「新年あけましておめでとうございます」は間違いではない

雑学、雑感

 

新年あけましておめでとうございます

ぼくの周りでは、年末年始になると必ずと言っていいほどこのフレーズが誤用か否かが俎上にあがります。

誤用とされる理由は2つ。

  1. 「新年」と「あけまして」が重複表現である
  2. 「年が明ける」のは新たな年が始まることを意味する。したがって新年が明けたら翌年になってしまう

誤用だとする人からは「新年おめでとうございます」か「明けましておめでとうございます」にするべきと言われます。
ネットやコラムなどで見かける論調もだいたい同じ。

「新年あけましておめでとうございます」を誤用と考えていても、慣用表現として使われているからOKとしている人もいます。

言葉を職業にしているNHK放送文化研究所でも、「新年明けまして」を完全な間違いとは見なしていません。

「新年あけましておめでとうございます」については、視聴者の方から、「新年」と「あけまして」が重複しているのではないかという指摘を受けることがあります。また、「新年」があけるのでなく、「旧年」があけるのだから、「新年あけまして・・・」はおかしいと思う人もいるようです。しかし、年始のあいさつの慣用として、広く使われていますし、年が改まったおめでたい気分や様子を強調する表現とも考えられるため、完全な間違いだとは考えていません。

「新年あけましておめでとうございます」は重複表現?

つまり「新年明けましておめでとうございます」を使っても恥をかくことはないということです。
それを踏まえた上で慎重を期すなら「明けましておめでとうございます」「新年おめでとうございます」にする、と。

答えは出ているのに、なぜこの記事を書いているかというと、「明けましておめでとうございます」に違和感があるからです。

 

「明けましておめでとうございます」には主語がない

「新年おめでとうございます」はしっくりくる。

ひっかかるのは「明けましておめでとうございます」の方。

あ・ける【明ける/開ける/空ける】の意味

1 (明ける)あるひと続きの時間・期間・状態が終わって、次の時間・期間・状態になる。

  • ㋐朝になる。
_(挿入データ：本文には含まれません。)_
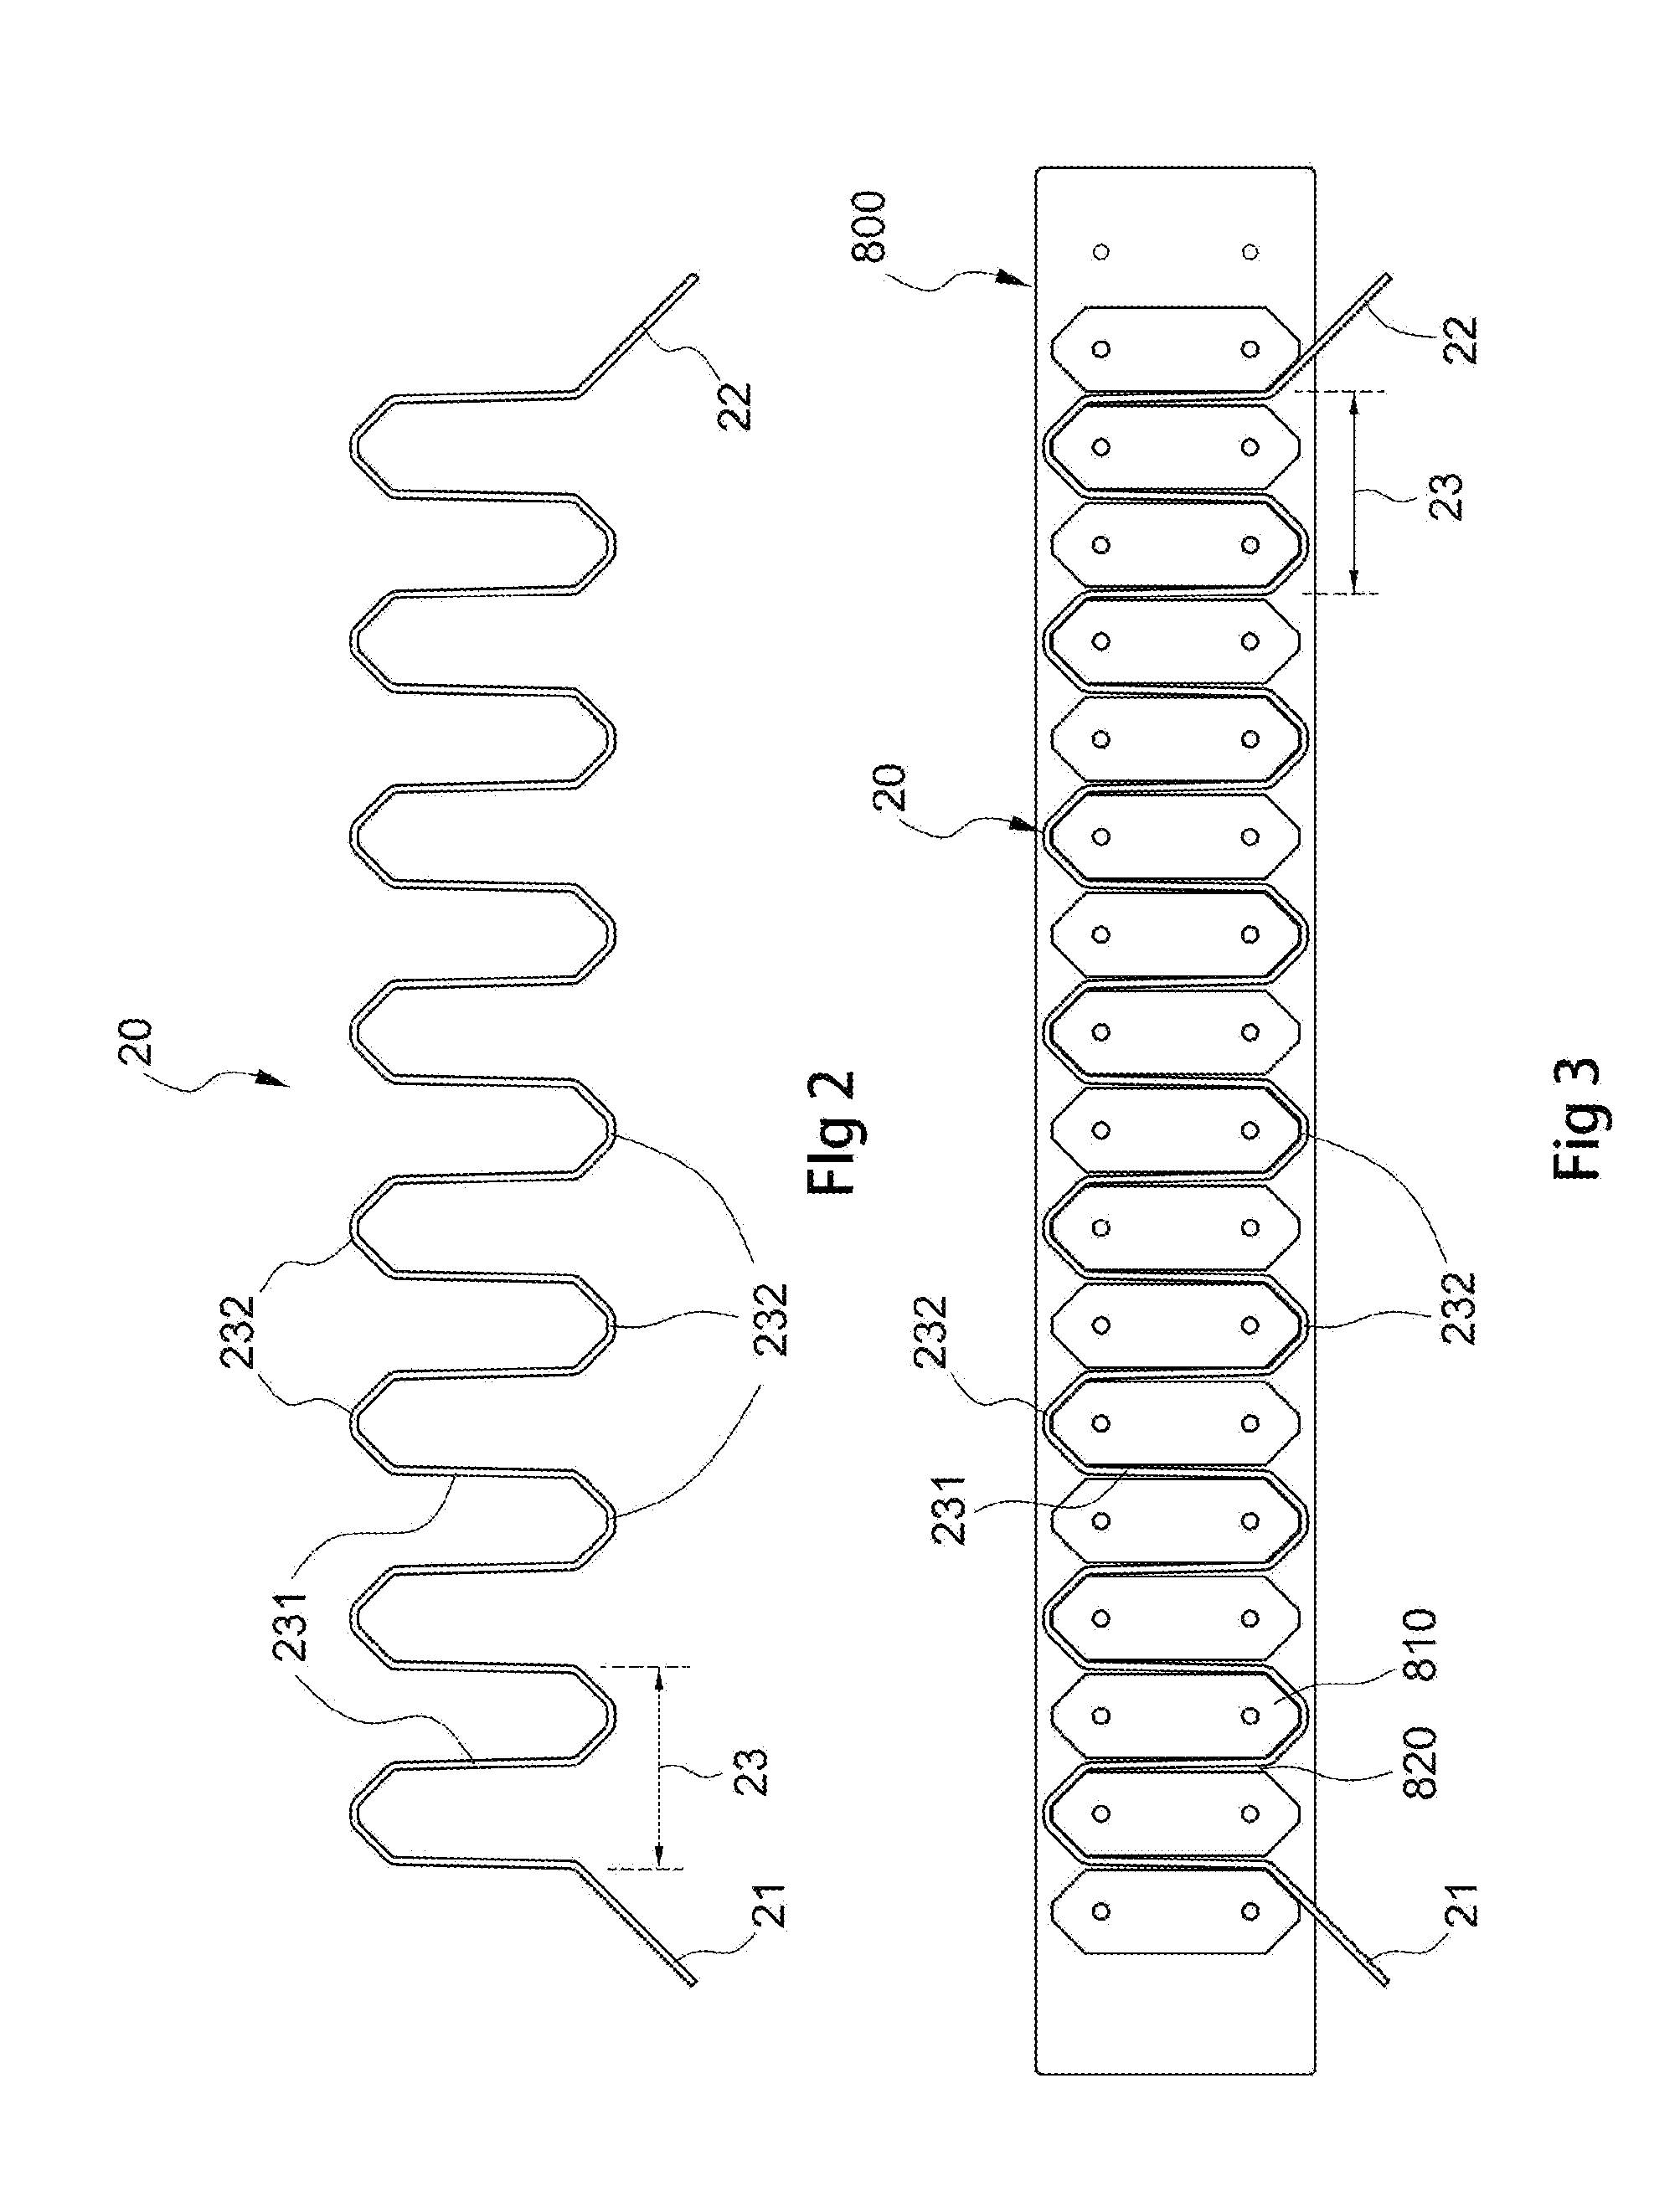 Method of Manufacturing Wound Stator for Alternating-Current Generator

「夜が―・ける」⇔暮れる。
  • ㋑年が改まる。「年が―・ける」⇔暮れる。
  • ㋒ある期間が終わる。「喪が―・ける」「梅雨 (つゆ) が―・ける」

Goo辞書

「新年があける」は、1の「ある期間が終わって次の状態になる」の使い方。

新年が明けたら一年が終わってしまうというのはもっともではあります。
しかし「明けましておめでとうございます」はどこか落ち着かない。

その理由は主語がないから。

「明けたからジメジメから解放はされるけど、これから暑くなるから嫌だな」とは言わないですね。

普通は主語である「梅雨が」が頭につきます。

 

「明けましておめでとうございます」に隠れている主語は「年」

「明けまして」に隠れている主語は「年」。しかし「年が明けましておめでとうございます」では締まりがない。

何が明けてめでたいのかをはっきりさせたければ、新年を入れたくなるのが人情というもの。そんな心情を考えれば、

新年あけましておめでとうございます

はむしろ自然に思えます。

新年あけまして違和感がある人は、

(無事に)新年(を迎えました)、あけましておめでとうございます

こんなふうに新年の後ろについている語が略されていると考えたら落ち着けるのではないでしょうか。

 

誤用を教えてくれる人にどう返事するか

一般に流布している正しい言葉の使い方をしていないと誤用を指摘をしてくれる人がいます。
その多くは親切心から出ているため、返答に窮することがあります。

新年あけましては文節が別と解釈して下さい」と丁寧に言ってみたところであまり印象はよくない。
悪くすれば屁理屈ととられてしまう。

「ご苦労様でしたを目上の人に使ってはいけない」「了解しましたではなく承知しましたと言うべき」のように、ビジネスマナーとして定着しているほうが間違っているケースもそうですが、正しいとされる日本語を使っているのに誤用と指摘されると説明しづらい空気があります。

畢竟、面倒を避けて誤用とされていない無難な言葉を使うことが多くなる。個々人の判断としてはそれでいいけれど、誤用だとする誤った知識が流布したまま消え去らないという負の遺産になってしまう問題がある。

偉い人がマスメディアで、誤用としているのは間違いと言い続けてくれればいいんですけどね。

そんなこんなを考えながら、年を越してしまいました。
なにはともあれ今年もよろしくお願いします。